» Action item:
When the line with "John Coltrane &" appears below, start repeating lines exactly, and keep going through the line with "Women's or Men's"; add nothing outside that span.

» Supplied material:

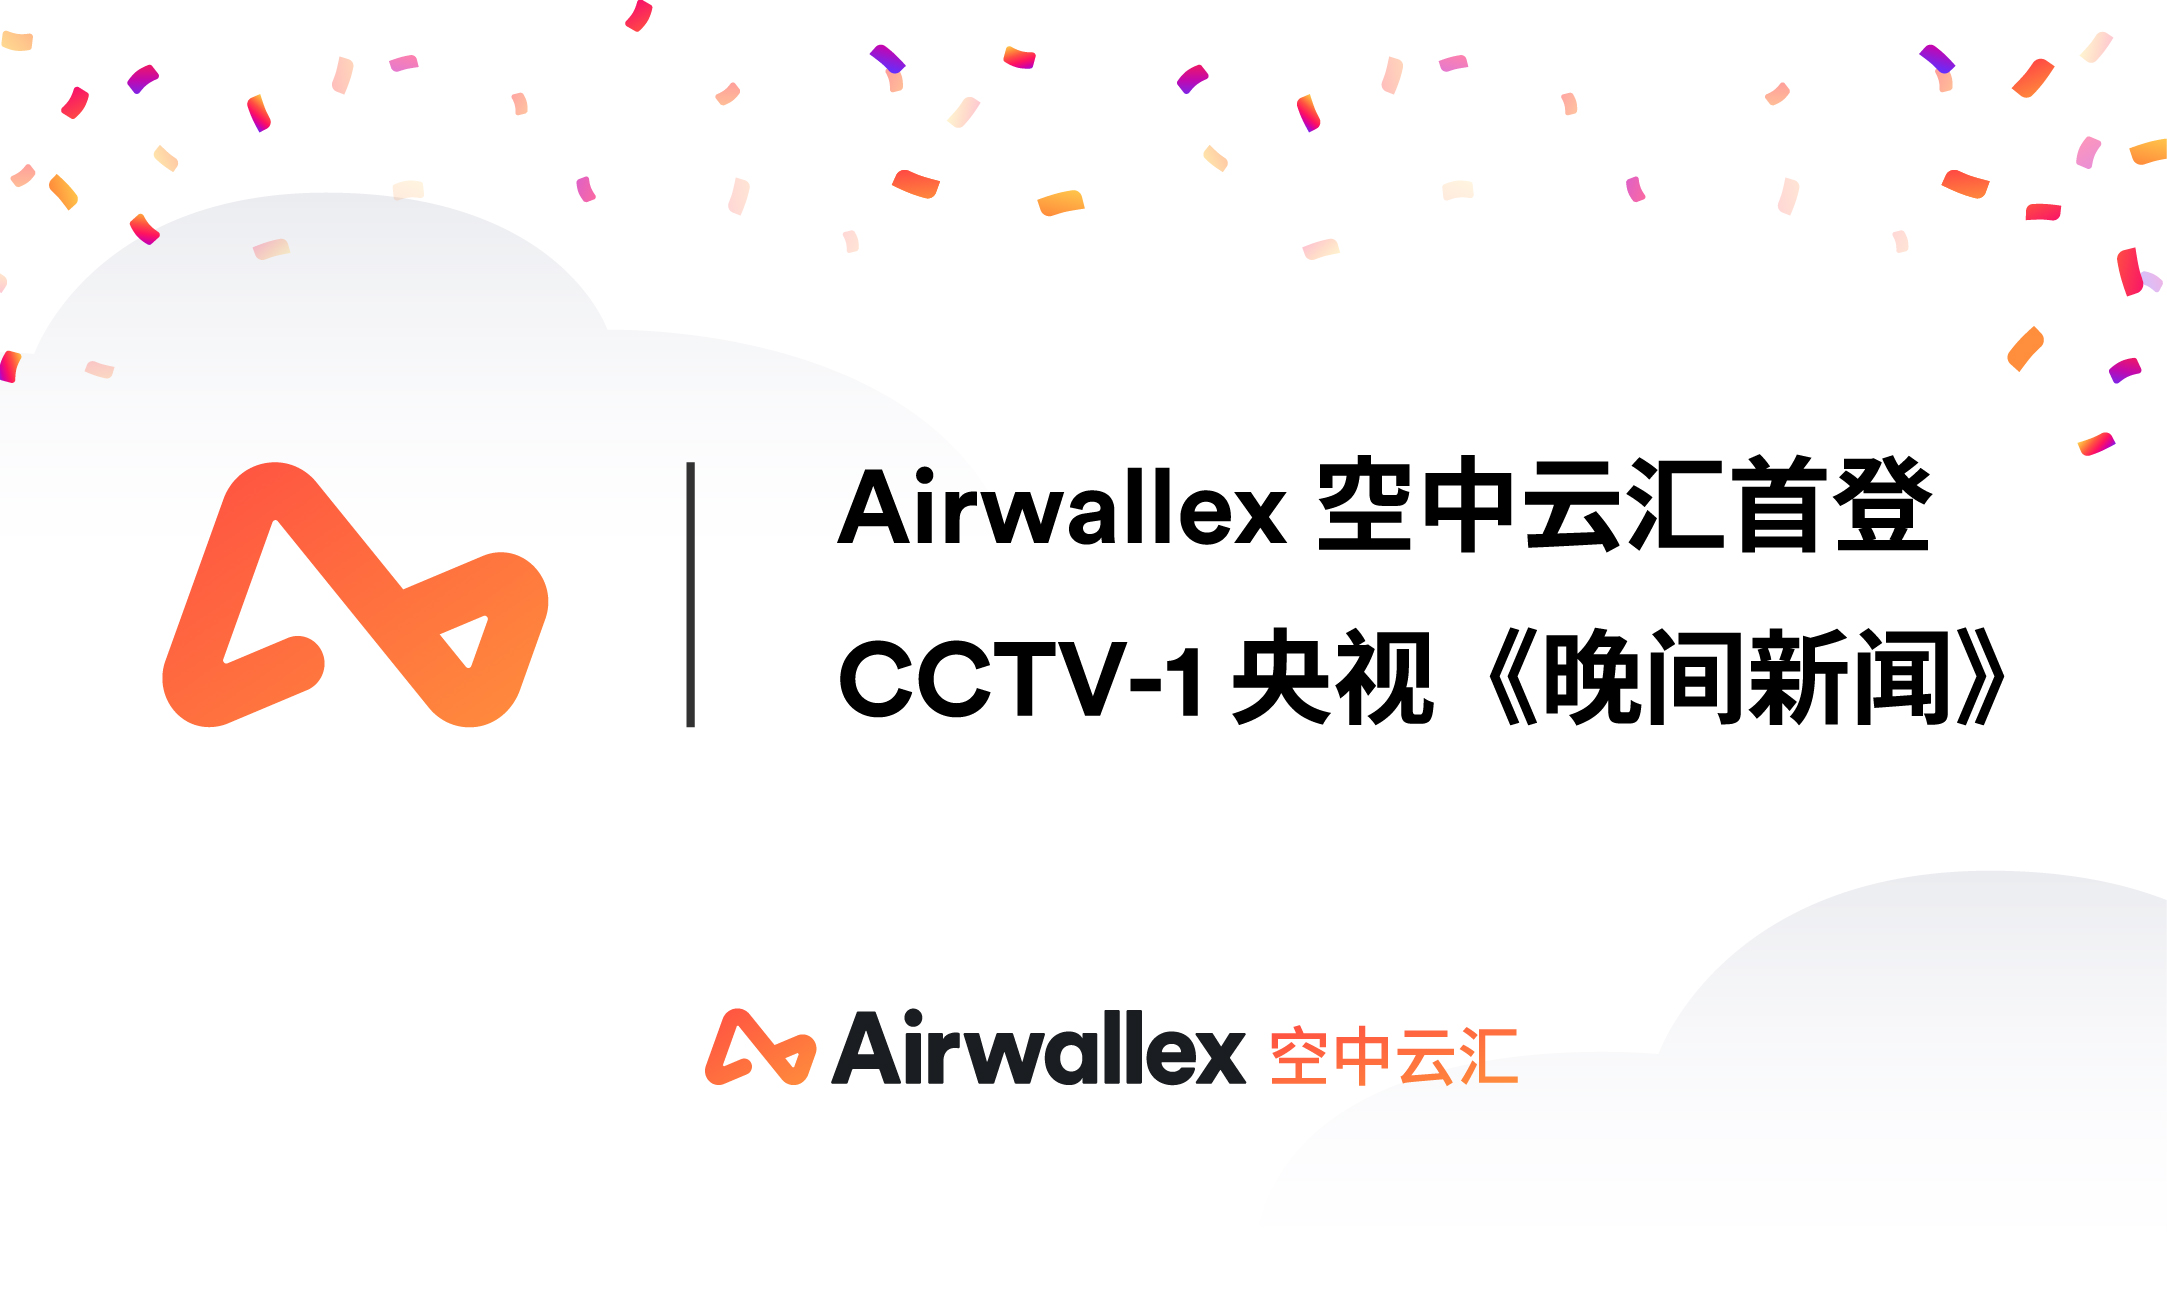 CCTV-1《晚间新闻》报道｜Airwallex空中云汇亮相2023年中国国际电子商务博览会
==
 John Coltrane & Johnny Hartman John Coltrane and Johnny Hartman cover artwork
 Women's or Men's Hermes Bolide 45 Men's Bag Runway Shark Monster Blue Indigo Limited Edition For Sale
...
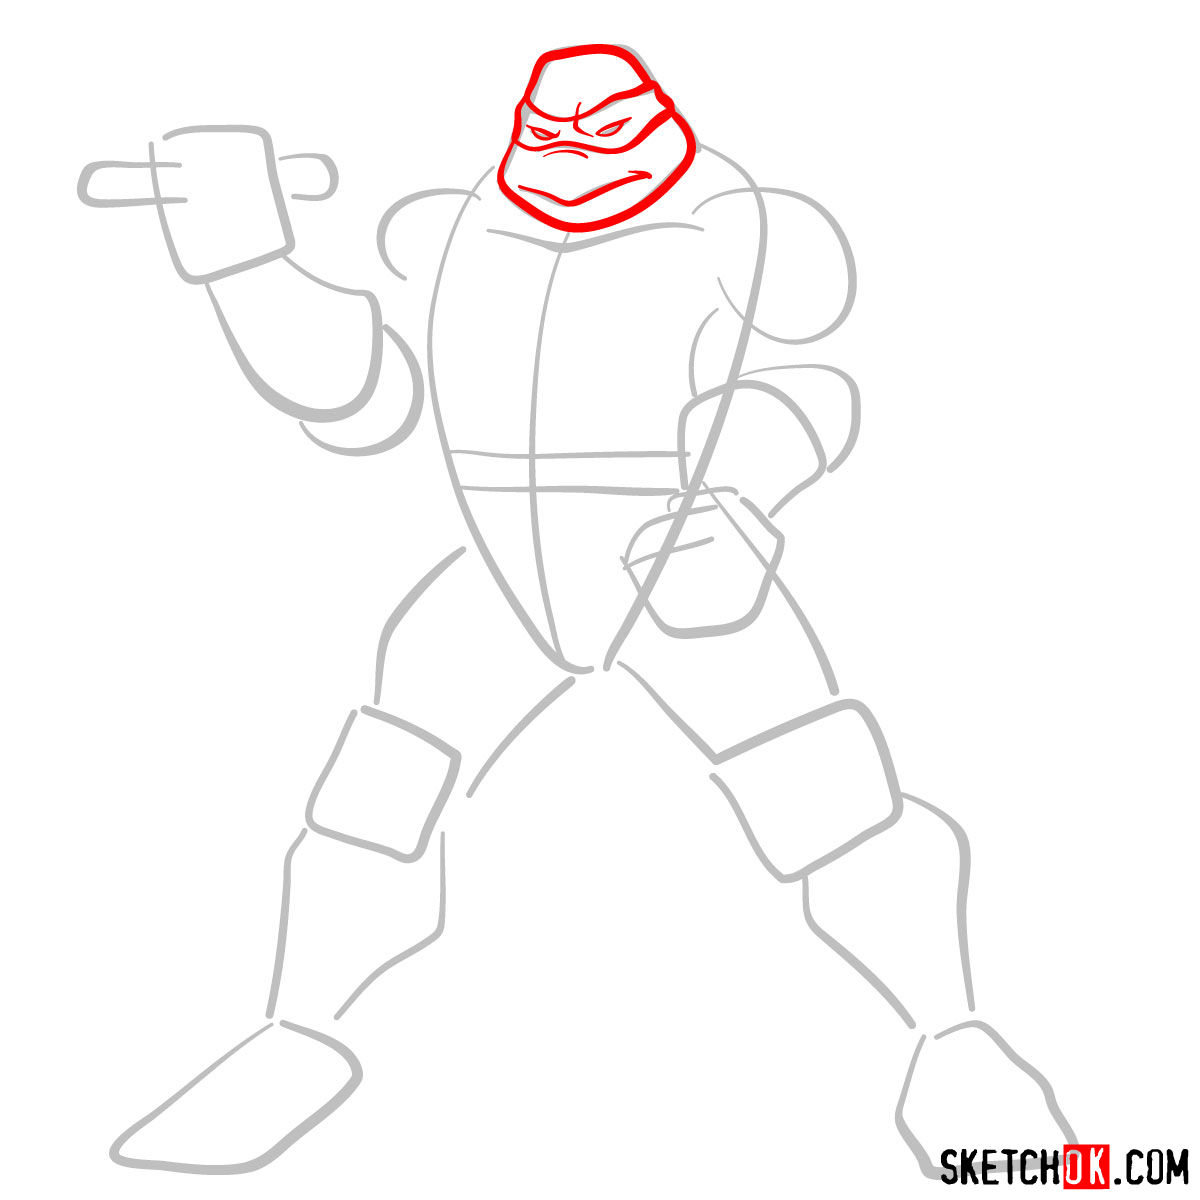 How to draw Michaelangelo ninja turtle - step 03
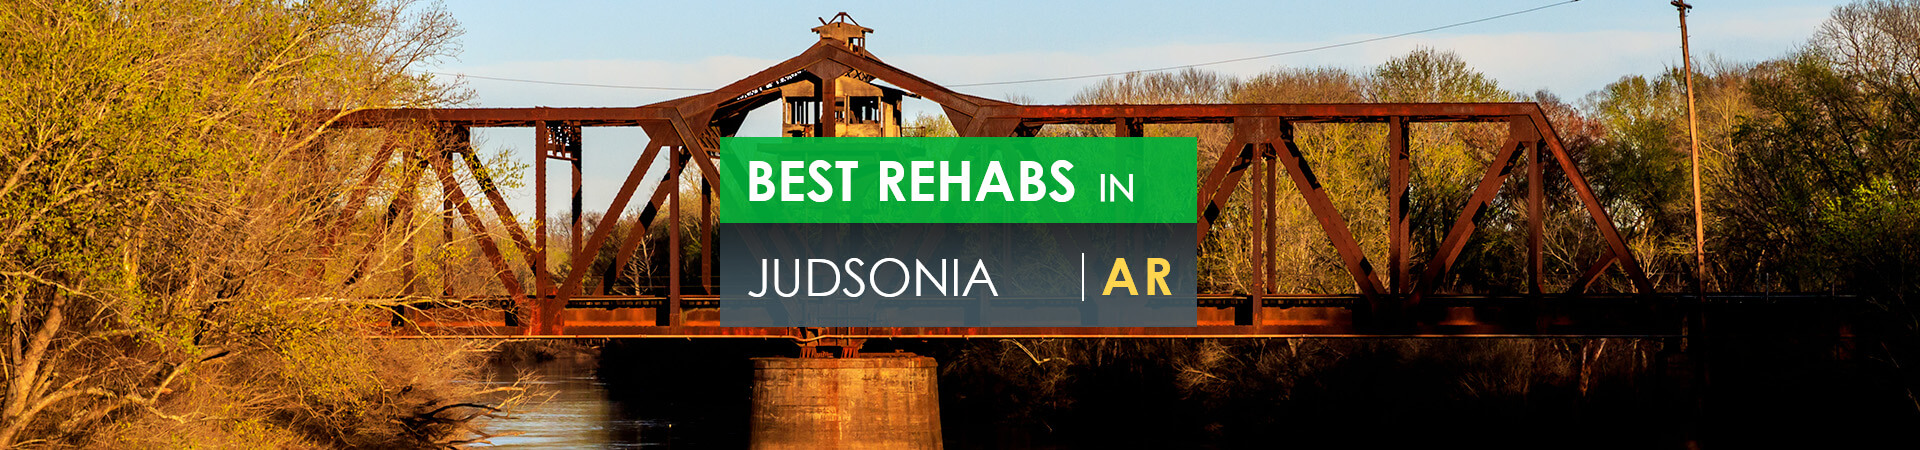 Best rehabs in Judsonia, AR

» Response to this exercise:
 John Coltrane & Johnny Hartman John Coltrane and Johnny Hartman cover artwork
 Women's or Men's Hermes Bolide 45 Men's Bag Runway Shark Monster Blue Indigo Limited Edition For Sale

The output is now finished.